The brokerage industry will spend almost $700 million in the next three years on anti-money-laundering technologies, according to a recent report by Massachusetts-based consultants, TowerGroup.
The 2001 USA Patriot Act requires financial institutions to establish anti-money laundering programs. These programs must include, at a minimum, development of internal procedures, policies and controls; establishing a compliance officer; conducting ongoing employee training; and instituting program testing by independent auditors.
Robert Iati, research director, Securities and Capital Markets, TowerGroup, outlines what brokers must do to meet the Patriot Act requirements. These actions involve establishing customer-identification programs that include record keeping, behavior-detection procedures to monitor unusual investment activity, and suspicious-activity reporting.
"The process is challenging because AML activity means that people are intentionally being evasive and tricky. They're trying everything they can to get around every initiative that you have," he says, adding that a money launderer is constantly morphing behavior in order to remain undetected.
Top-tier brokerage firms, such as Morgan Stanley, Merrill Lynch and Salomon Smith Barney, will take a lead in ensuring their own AML-compliance, Iati says.
Complex solutions include technology systems that offer artificial intelligence, he says, using rules-based analysis, such as Mantas or Searchspace. For example, if an investor suddenly changes investing behavior, and that investor uses a bank that has been known to transact terrorist funds, the technology would post an alert for the situation to be investigated. Iati notes that rules can often be modified and customized within the technologies, depending on the depth of investigation needed, and the amount of money that a broker is willing to invest.

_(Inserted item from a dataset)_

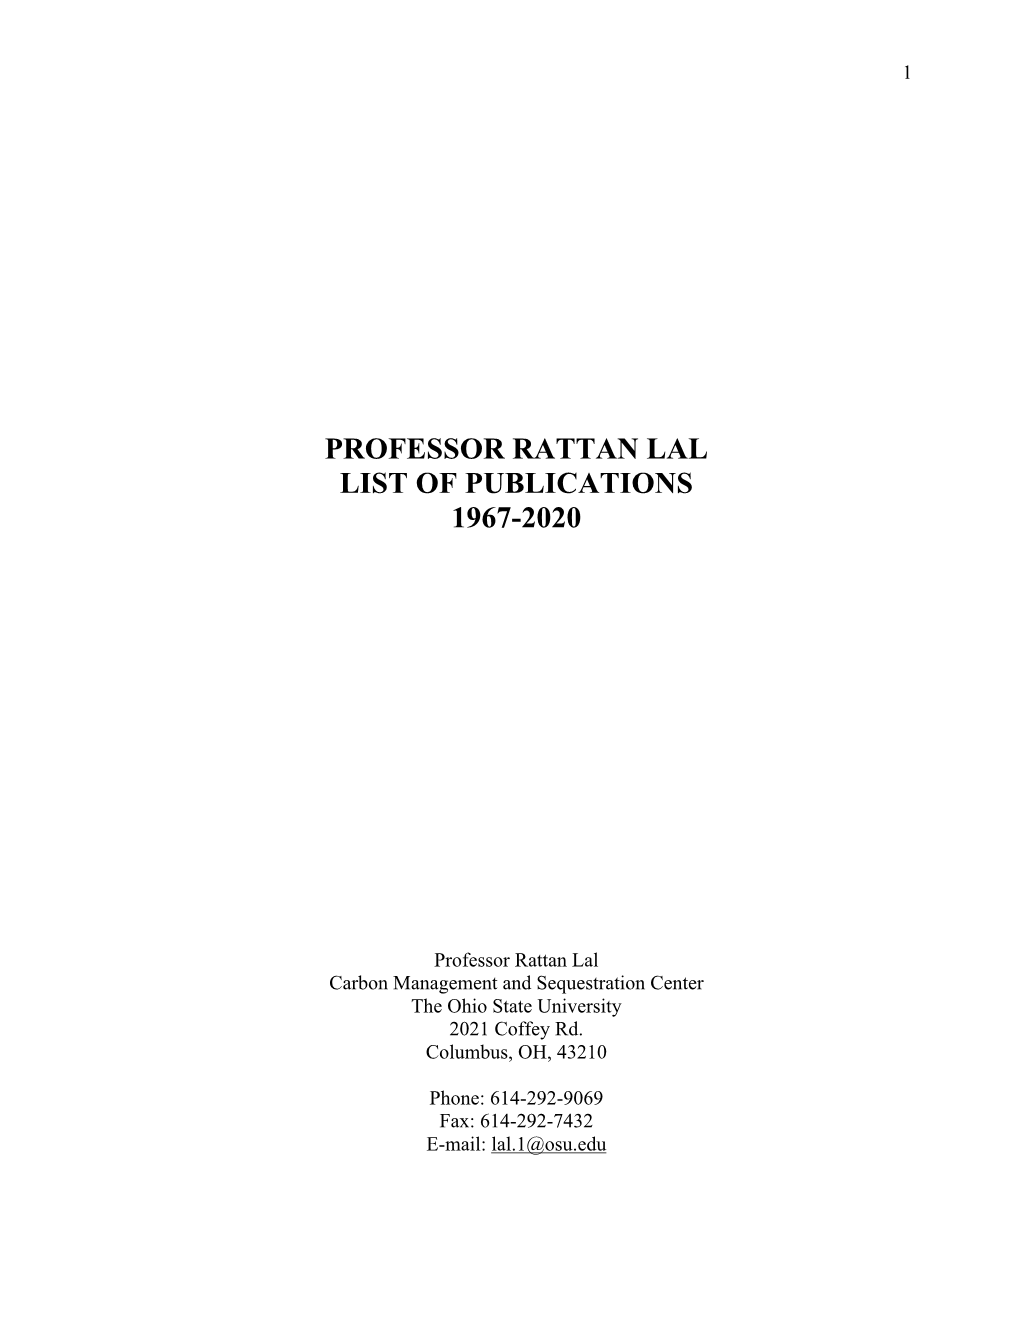 Professor Rattan Lal List of Publications 1967-2020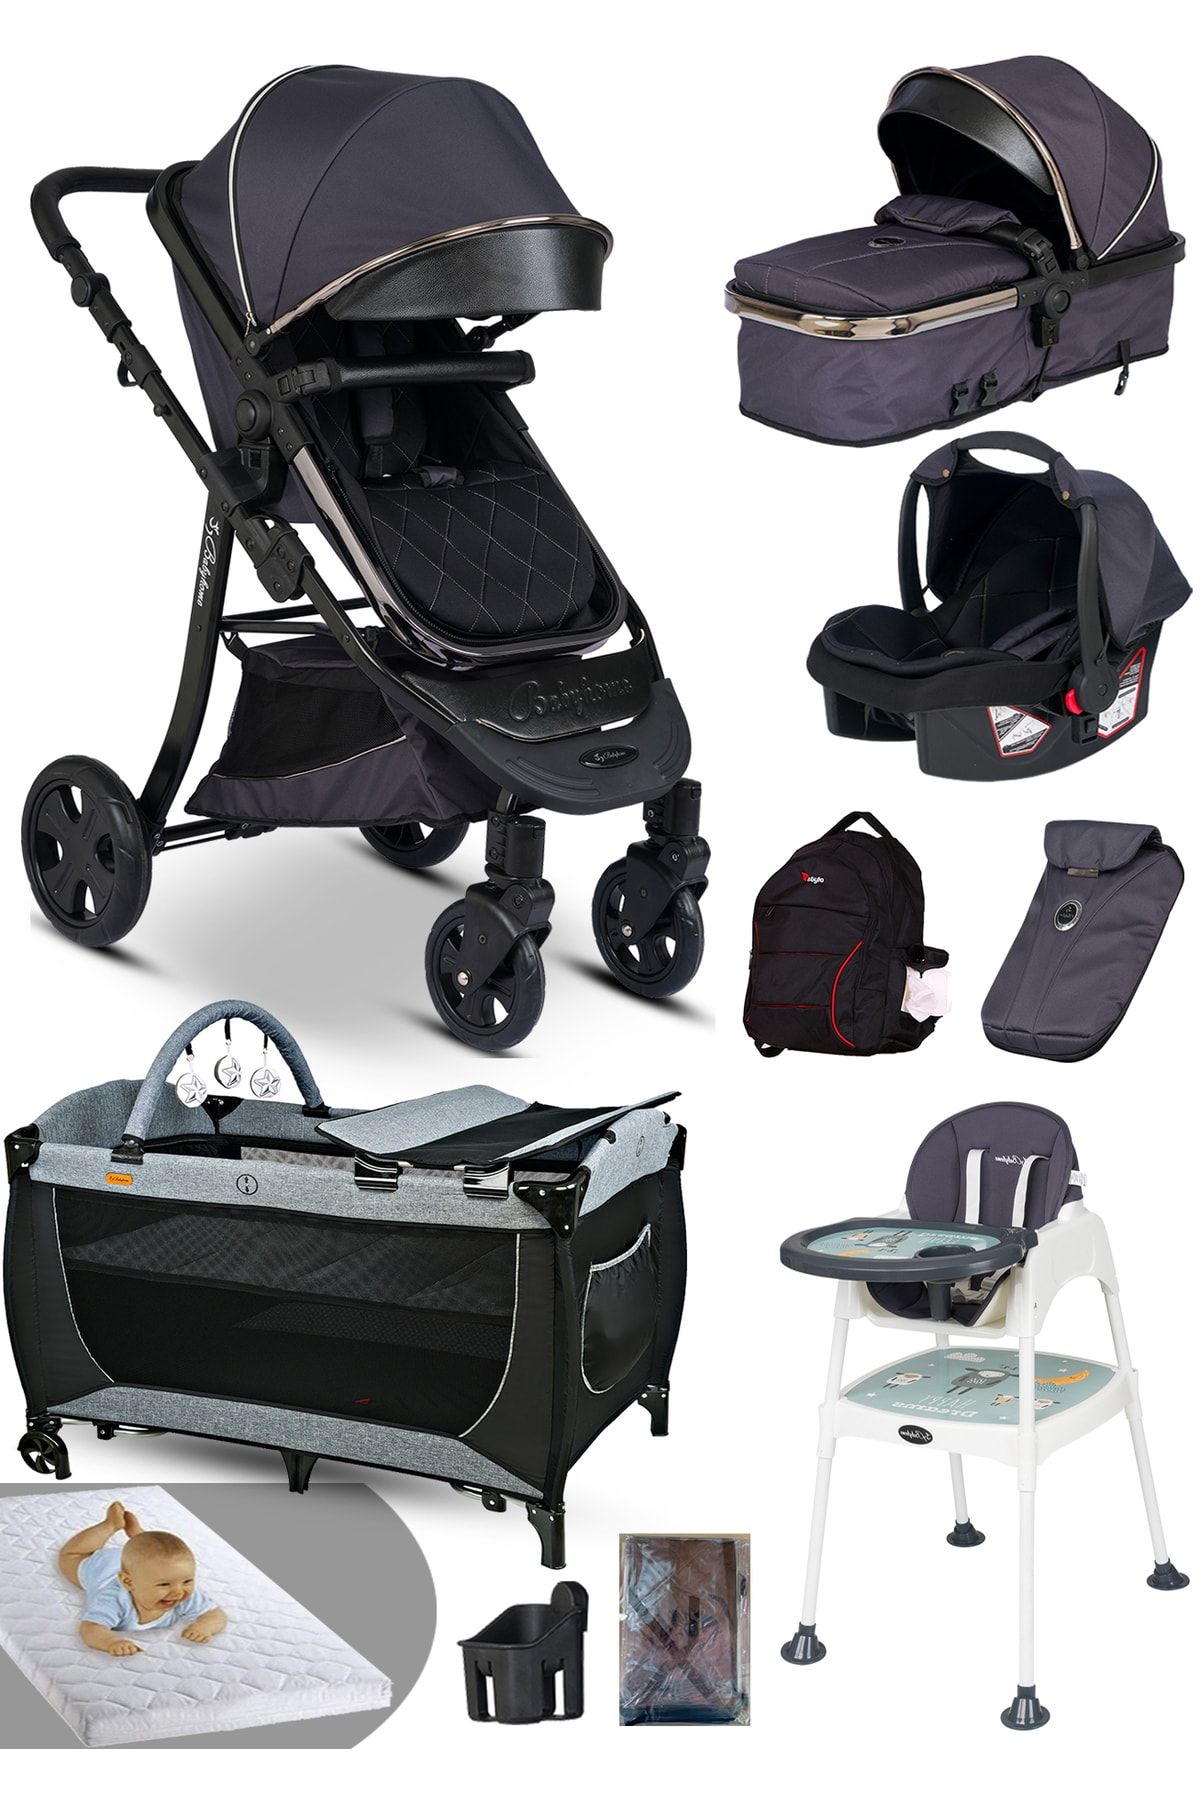 Baby Home Ekonomi Paket 10 In 1 985 Travel Sistem Bebek Arabası Oyun Parkı Yatak Beşik Mama Sandalyesi

Smaller firms with tighter technology budgets may not be purchasing specific AML technologies, but instead, are improving their data systems to get a more accurate picture of whom their investors are, Iati says. "If you're looking for intricate patterns in the way people trade, especially people that are trying to be evasive, the data must be accurate," he explains. "If it isn't, then you cannot determine as readily if a person is in violation because they cannot be adequately identified and you can't attach all transactions to that person."
Iati says that many vendors are getting involved in the AML-compliance marketplace, since almost every broker is allotting at least some level of their technology budget to ensuring compliance. These vendors include customer-relationship-management providers, transaction-data vendors and compliance companies.
While solutions average between $5 million and $10 million, with top-tier firms paying up to $30 million, Iati says that AML technologies are a worthwhile investment in order to avoid repercussions of non-compliance. Beyond the possibility of fines reaching up to $1 million, he explains that non-compliance is more dangerous to a broker's public reputation.
"Firms need to make sure to give the impression that they are making this a top-priority and might even be overspending to make sure that they're not cited as someone that is behind the curve," he says. "One article will cost them millions of dollars in losses and could be prevented by investing in a system that really worked."